Switzerland surprised everyone last year by winning the bronze medal, which allowed them to compete in a group with Canada, the U.S. and Finland this year. While it makes for a more difficult pool, Meier says it also offers a teaching opportunity.
"When you're in the other pool you are so worried about losing. It's so much stress every game," Meier said. "In this group, you can let some of your players with less experience play a bit more and learn. You might lose in a bad way to the Canadians or the U.S., but at least everyone got a chance to play and learn."
It should be noted the Swiss didn't even start their best goaltender. The coaching staff said it was in the program's best interest to allow their younger goaltenders to face the Canadians.
"The results sometimes clouds the picture," head scout of the Canadian women's program and former head coach from the 2006 and 2010 Olympics, Melody Davidson, said. "I think since Vancouver we've made some huge strides in a lot of areas for a lot of countries. We need to keep building that depth because eventually that depth is what's going to beat Canada and the U.S.
"Building the depth of the countries ranked below Canada and the U.S. is crucial. When you build depth, you build competition."
Aside from the lopsided Canadian win, the tournament has definitely shown the increased level of competition among the remaining nations.
Russia's 3-0 record through group play is a perfect example of what additional support, both on and off the ice, can do for a team. The Russians will play Switzerland in one of the quarterfinals.
As host of the 2014 Winter Olympics, the Russian Hockey Federation feels a certain amount of pressure to ensure its women's team will be competitive. With that in mind came the hiring of former NHL sniper Alexei Yashin as general manager of the women's team.
"My position is basically to create a better environment so we prepare and can be better," Yashin said.
To others, it's a sign of greater commitment to the women's game. With a little more money and resources at their disposal, most countries would likely be much more competitive.
"We need those countries that have women's teams at the Olympics or in the top 12 to 14 to put money into growing their programs," Davidson said. "It wasn't easy for us, and it wasn't easy for the U.S., so a lot of these countries are where we were at about 10 years ago.
"It doesn't matter what country you live in, the more money you get, the easier it is to build and grow your program."
Meier added that without significant results on the international stage, it makes it difficult for teams to convince their respective federations that their program deserves greater funding.
In an effort to improve their own game, many international players began seeking opportunities overseas, which has resulted in numerous players now in the NCAA, in Canadian universities and the Canadian Women's Hockey League.
Finland's Noora Raty, who plays for the University of Minnesota, played a key role in the Gophers' perfect 41-0 season. The goaltender had 38 victories with a .956 save percentage and a 0.96 goals-against average.
"I think it's great to have some international players join us," Amanda Kessel, a teammate of Raty's in Minnesota and a member of Team USA, said. "[Noora] is an amazing player, and she'll really help her team."

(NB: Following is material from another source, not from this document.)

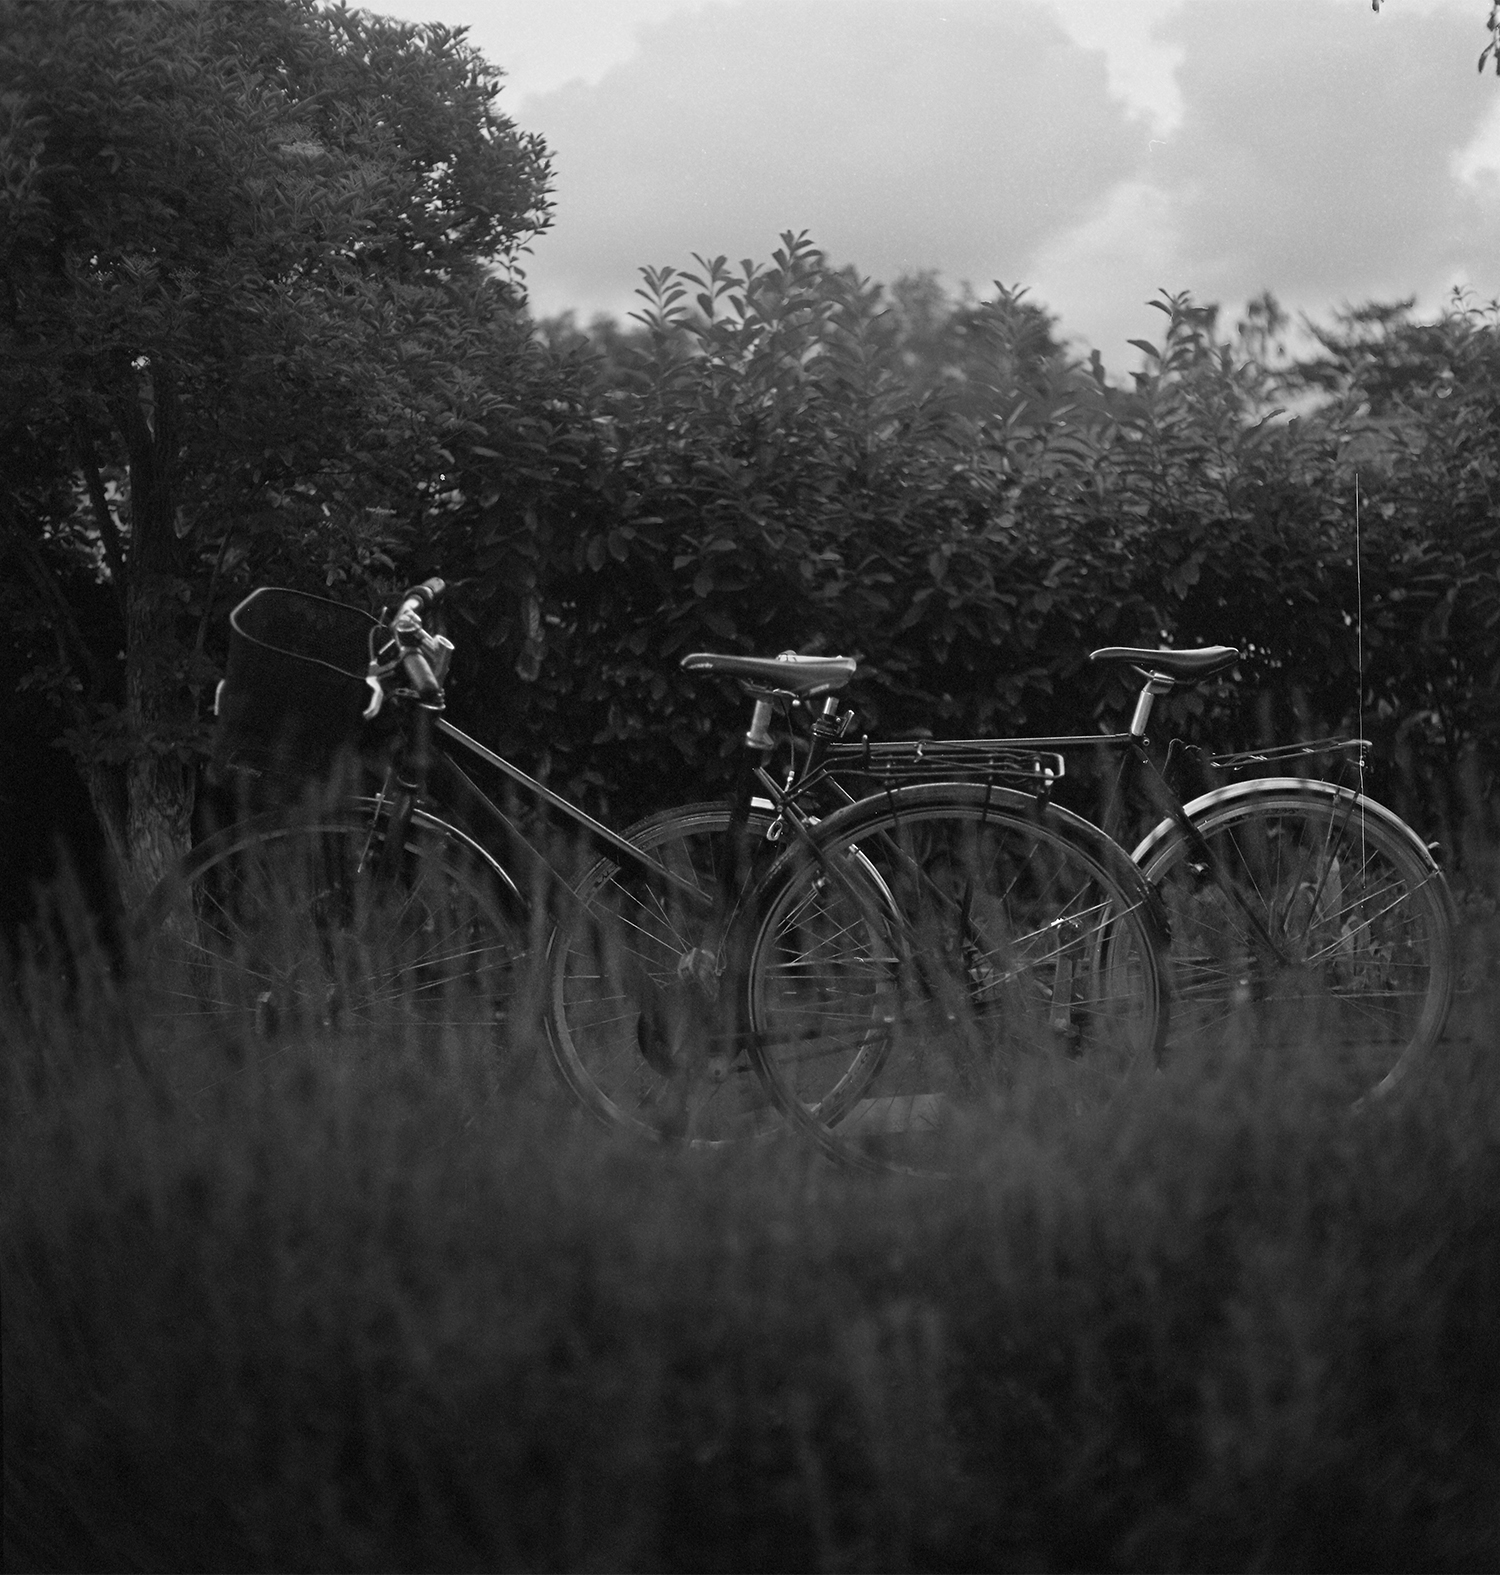 Bikes_Sm.jpg
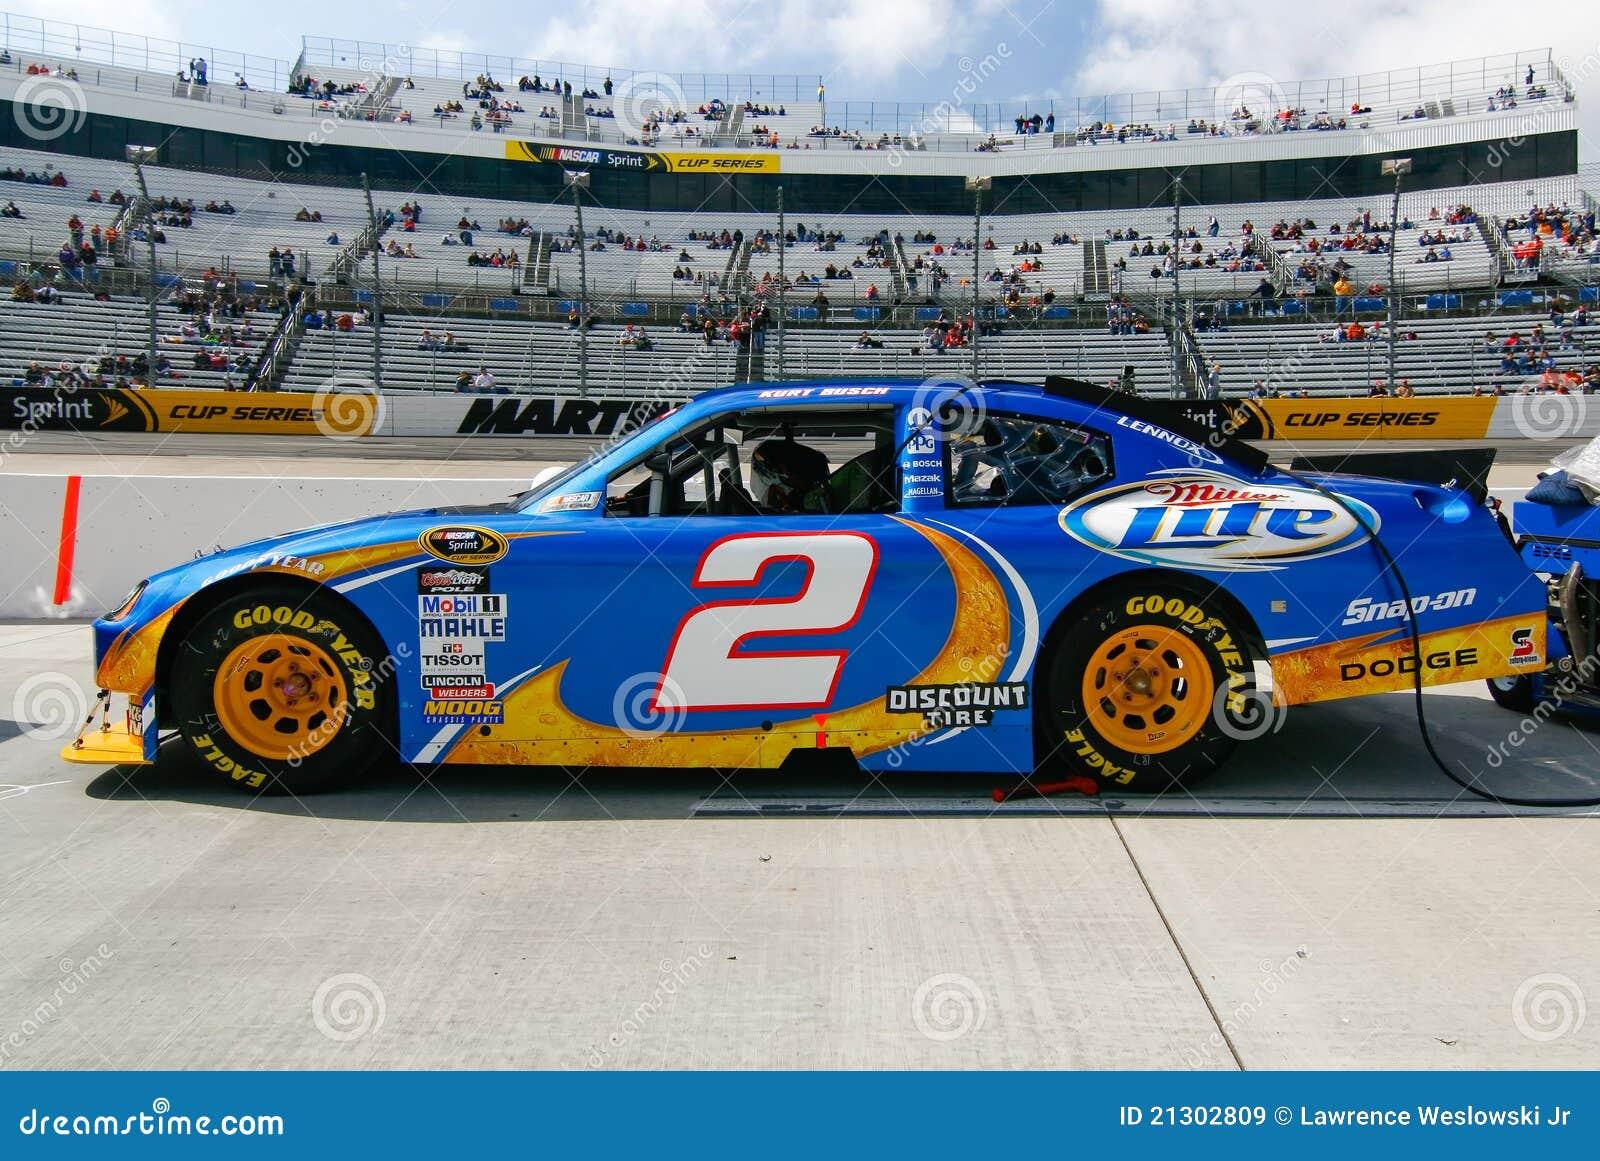 NASCAR - Kurt Busch's #2 Miller Lite Car Editorial Stock Image - Image: 21302809

Kessel admits Rogge's comments definitely make her nervous as she grew up dreaming about playing at the Olympics and can't imagine taking that opportunity away from today's young girls.
"I can't even imagine growing up and not being able to dream about the Olympics," Kessel said. "I think we need to do whatever we can to help other countries and develop our game."
Katey Stone, coach of the U.S, said she believes patience is key and that the IOC needs to give the game room to grow.
"We need to put the resources in that are needed," Stone said. "The product that you see on the ice now is better every year on every team. Every team has a great goaltender now, and that's an equalizer. It's just a matter of growing your pool of talent within your own country and then being able to present that to the world."
The other issue at hand is that neither Canada nor the U.S. is content to wait for the rest of the world to catch up.
"We're continuing to get better, so you're not seeing the gap close," Canada's Jayna Hefford said. "Those countries are getting better. Their young players are getting more skilled; they're quicker, but we're not sitting around waiting for them to catch us."
One can only hope the rest of the world manages to at least make it close.
Lisa Wallace covers hockey for The Canadian Press.